By Eddie North-Hager / University of Southern California

Every year nearly 7 million birds die as they migrate from the United States and Canada to Central and South America, according to a new USC study published on April 25 in the journal PLoS ONE.

The birds are killed by the 84,000 communication towers that dot North America and can rise nearly 2,000 feet into the sky, according to the authors of “An Estimate of Avian Mortality at Communication Towers in the United States and Canada.”

Placing that figure in context, the Exxon Valdez oil spill killed 250,000 birds and the Empire State building is 1,250 feet high.

“This is a tragedy that does not have to be,” said lead author Travis Longcore, associate professor in the USC Spatial Sciences Institute at the USC Dornsife College of Letters, Arts and Sciences.

The taller the tower the greater the threat, the study found. The 1,000 or so towers above 900 feet accounted for only 1.6 percent of the total number of towers. Yet these skyscraper towers killed 70 percent of the birds, about 4.5 million a year, Longcore said.
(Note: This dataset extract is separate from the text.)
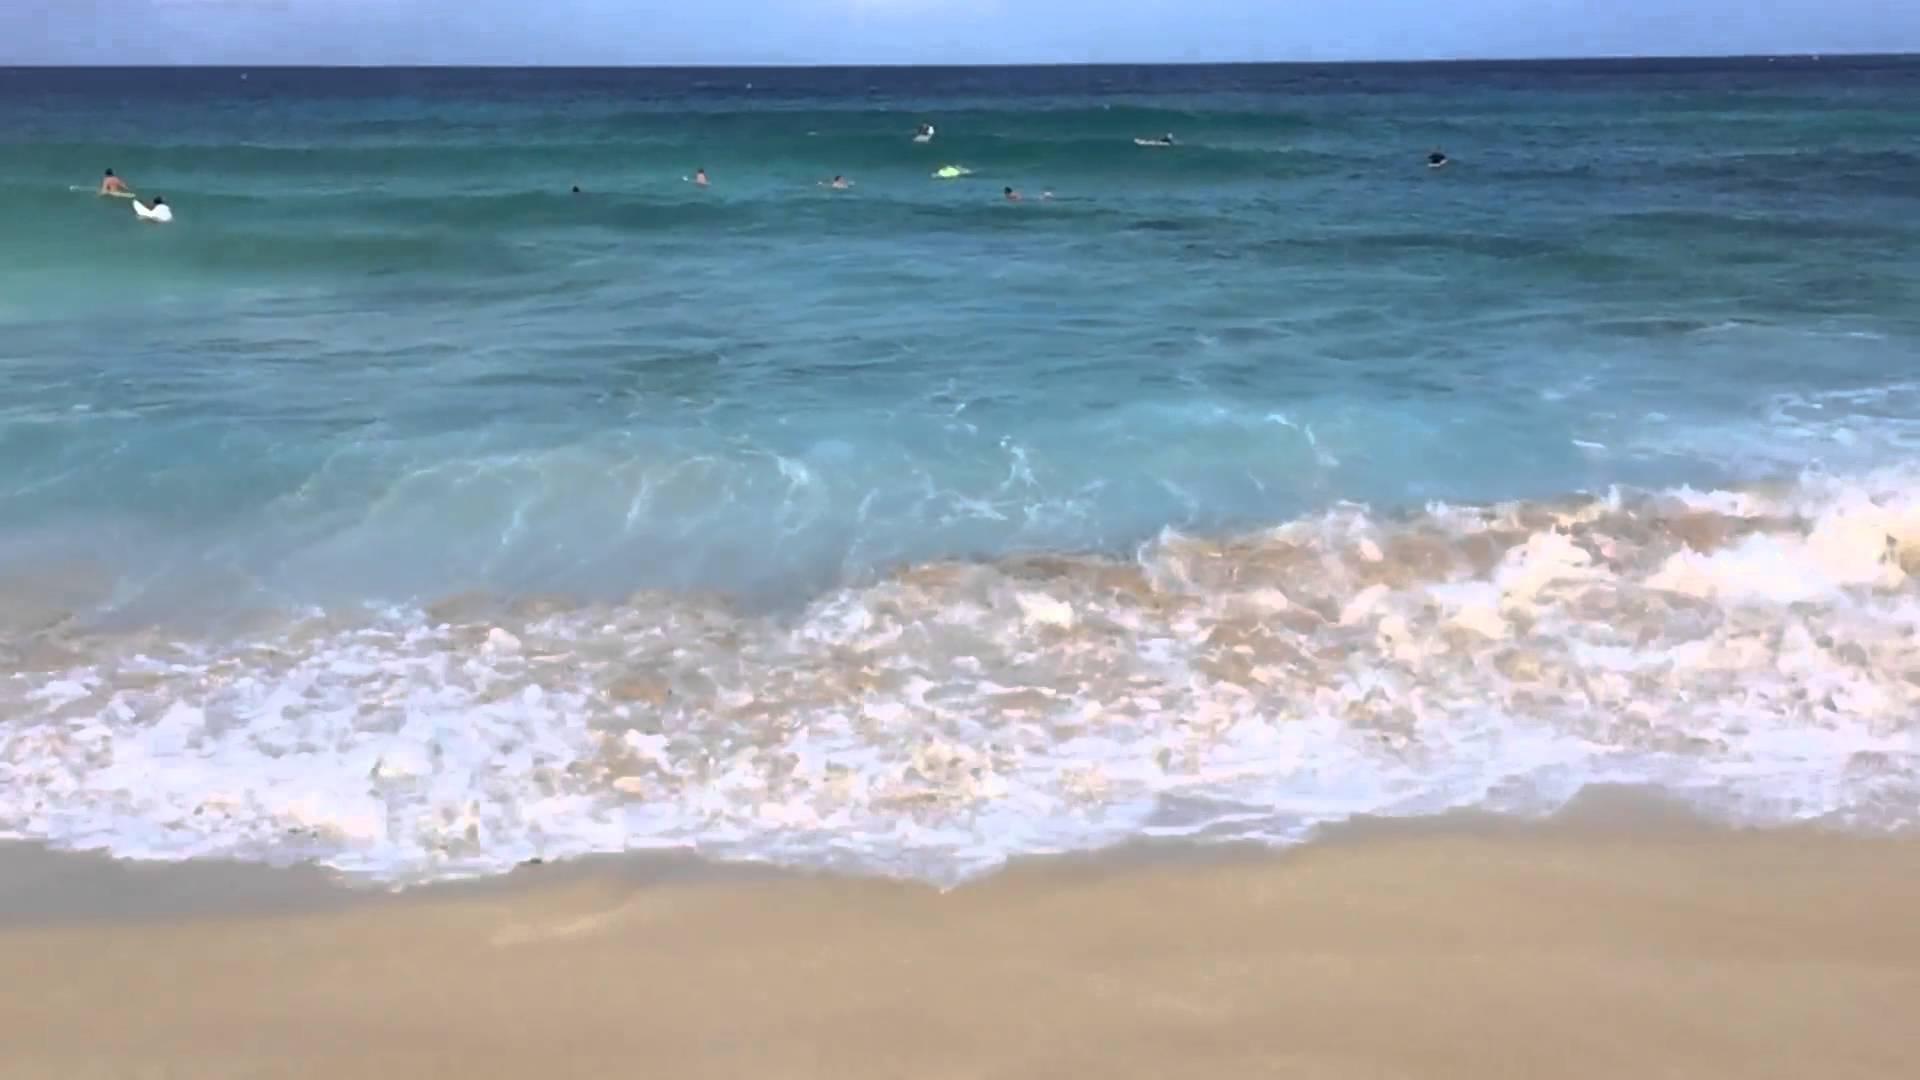 Bonzai Pipeline Surf - small waves 12-26-15 - YouTube

Most of the birds spent winter in places like the Bahamas and summer in Canada. With names like the Common Yellowthroat and the Tennessee Warbler, they could fit in the palm of one’s hand.

“These birds eat insects and keep our forests healthy,” Longcore said. “They are quite beautiful. We have a long history of appreciating birds. Millions of people watch birds.”

However, the birds are not generally killed by running into the tower itself but the dozens of cables, known as guy wires, that prop up the thin, freestanding structure, Longcore said.

During bad weather, the birds were pushed down by cloud cover and flew at lower altitudes. The clouds also removed navigation cues, such as stars, leaving only the blinking or static red lights of towers.

The blinking did not fool the birds, but towers with a static red light resulted in more dead birds.

“In the presence of the solid red lights, the birds are unable to get out of their spell,” Longcore said. “They circle the tower and run into the big cables holding it up.”

Longcore estimated that changing the steady-burning lights on the 4,500 towers greater than 490 feet tall (about 6 percent of the total) could reduce mortality about 45 percent, or about 2.5 million birds. The study also recommended that businesses share towers to reduce their number and build more freestanding towers to reduce the need for guy wires.